The results support major hypotheses about evolutionary relationships in seed plants. The most interesting finding is that gnetophytes, a group that consists mostly of shrubs and woody vines, are the most primitive living non-flowering seed plants—present since the late Mesozoic era, the "age of dinosaurs." They are situated at the base of the evolutionary tree of seed plants.
"This study resolves the long-standing problem of producing an unequivocal evolutionary tree of the seed plants," said Dennis Stevenson, vice president for laboratory research at The New York Botanical Garden. "We can then use this information to determine when and where important adaptations occur and how they relate to plant diversification.

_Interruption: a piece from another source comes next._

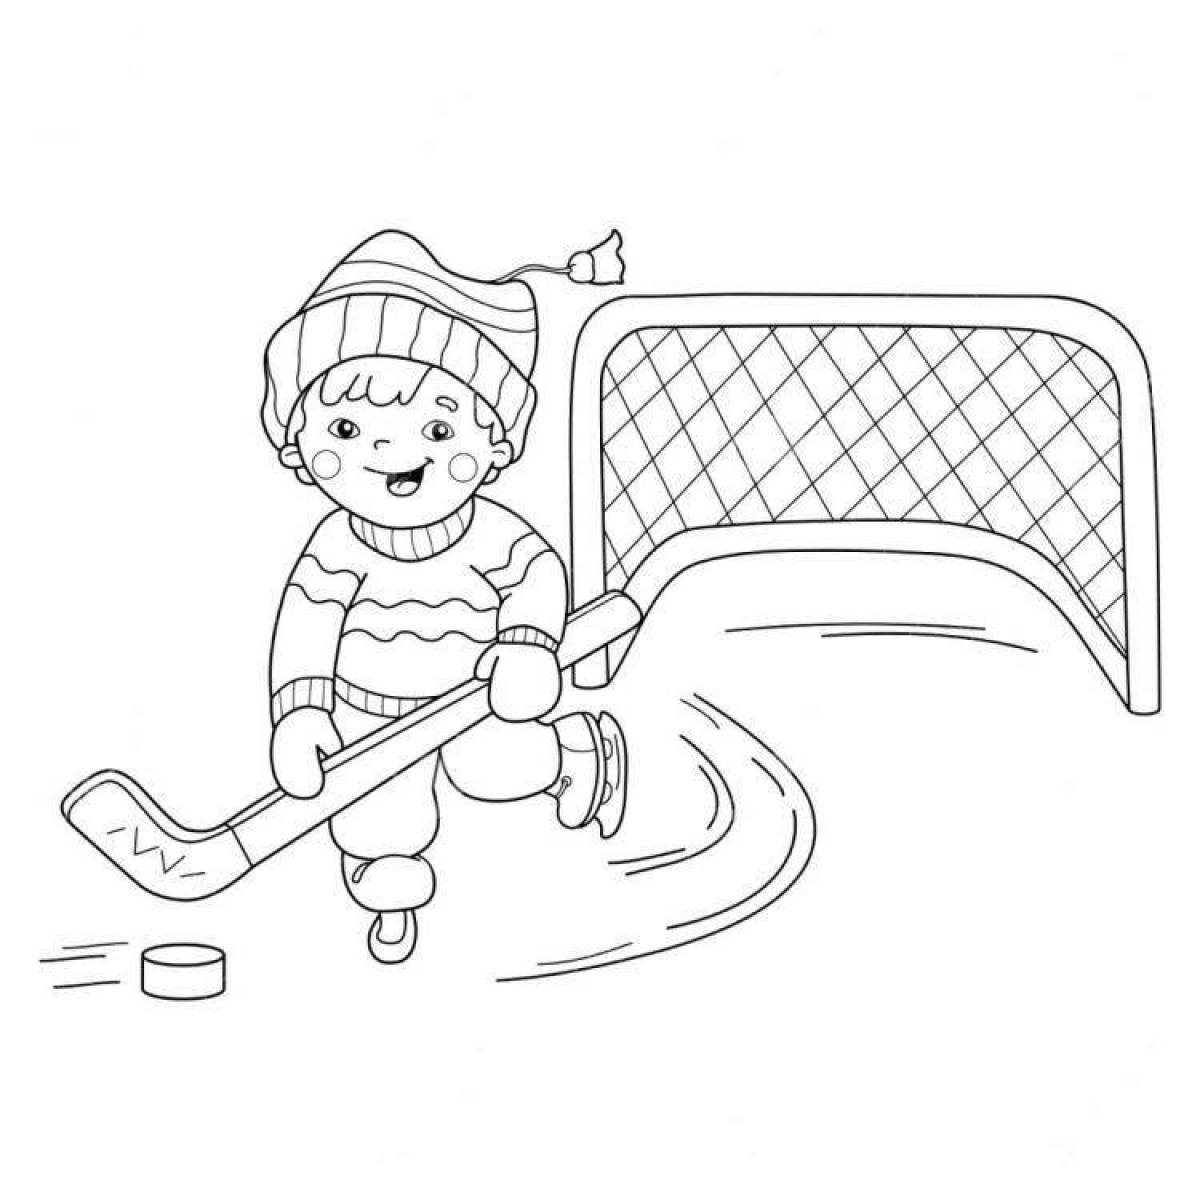 Joyful picture of winter sports for children in kindergarten

We also can examine the evolution of such features as drought tolerance, disease resistance, or crop yields that sustain human life through improved agriculture."
In addition, the researchers were able to make predictions about genes that caused the evolution of important plant characteristics. One such evolutionary signal is RNA interference, a process that cells use to turn down or silence the activity of specific genes. Based on their new phylogenomic maps, the researchers believe that RNA interference played a large role in the separation of monocots—plants that have a single seed leaf, including orchids, rice, and sugar cane—from other flowering plants. Even more surprising, RNA interference also played a major role in the emergence of flowering plants themselves.
"Genes required for the production of small RNA in seeds were at the very top of the list of genes responsible for the evolution of flowering plants from cone plants," said Rob Martienssen, a professor at Cold Spring Harbor Laboratory. "In collaboration with colleagues from LANGEBIO [Laboratorio Nacional de Genomica para la Biodiversidad] in Mexico last year, we found that these same genes control maternal reproduction, providing remarkable insight into the evolution of reproductive strategy in flowering plants."
The data and software resources generated by the researchers are publicly available and will allow other comparative genomic researchers to exploit plant diversity to identify genes associated with a trait of interest or agronomic value. These studies could have implications for improving the quality of seeds and, in turn, agricultural products ranging from food to clothing.
In addition, the phylogenomic approach used in this study could be applied to other groups of organisms to further explore how species originated, expanded, and diversified.
"The collaboration among the institutions involved here is a great example of how modern science works," said Sergios-Orestis Kolokotronis, a term assistant professor at Columbia University's Barnard College and a research associate at the Museum's Sackler Institute. "Each of the four institutions involved has its own strengths and these strengths were nicely interwoven to produce a novel vision of plant evolution."
Other authors include Ernest Lee, American Museum of Natural History; Angelica Cibrian-Jaramillo, American Museum of Natural History, The New York Botanical Garden, and New York University – currently at the Laboratorio Nacional de Genomica para la Biodiversidad, Mexico; Manpreet Katari, New York University; Alexandros Stamatakis, Technical University Munich – currently at Heidelberg Institute for Theoretical Studies; Michael Ott, Technical University Munich; Joanna Chiu, University of California, Davis; Damon Little, The New York Botanical Garden; and W. Richard McCombie, Cold Spring Harbor Laboratory.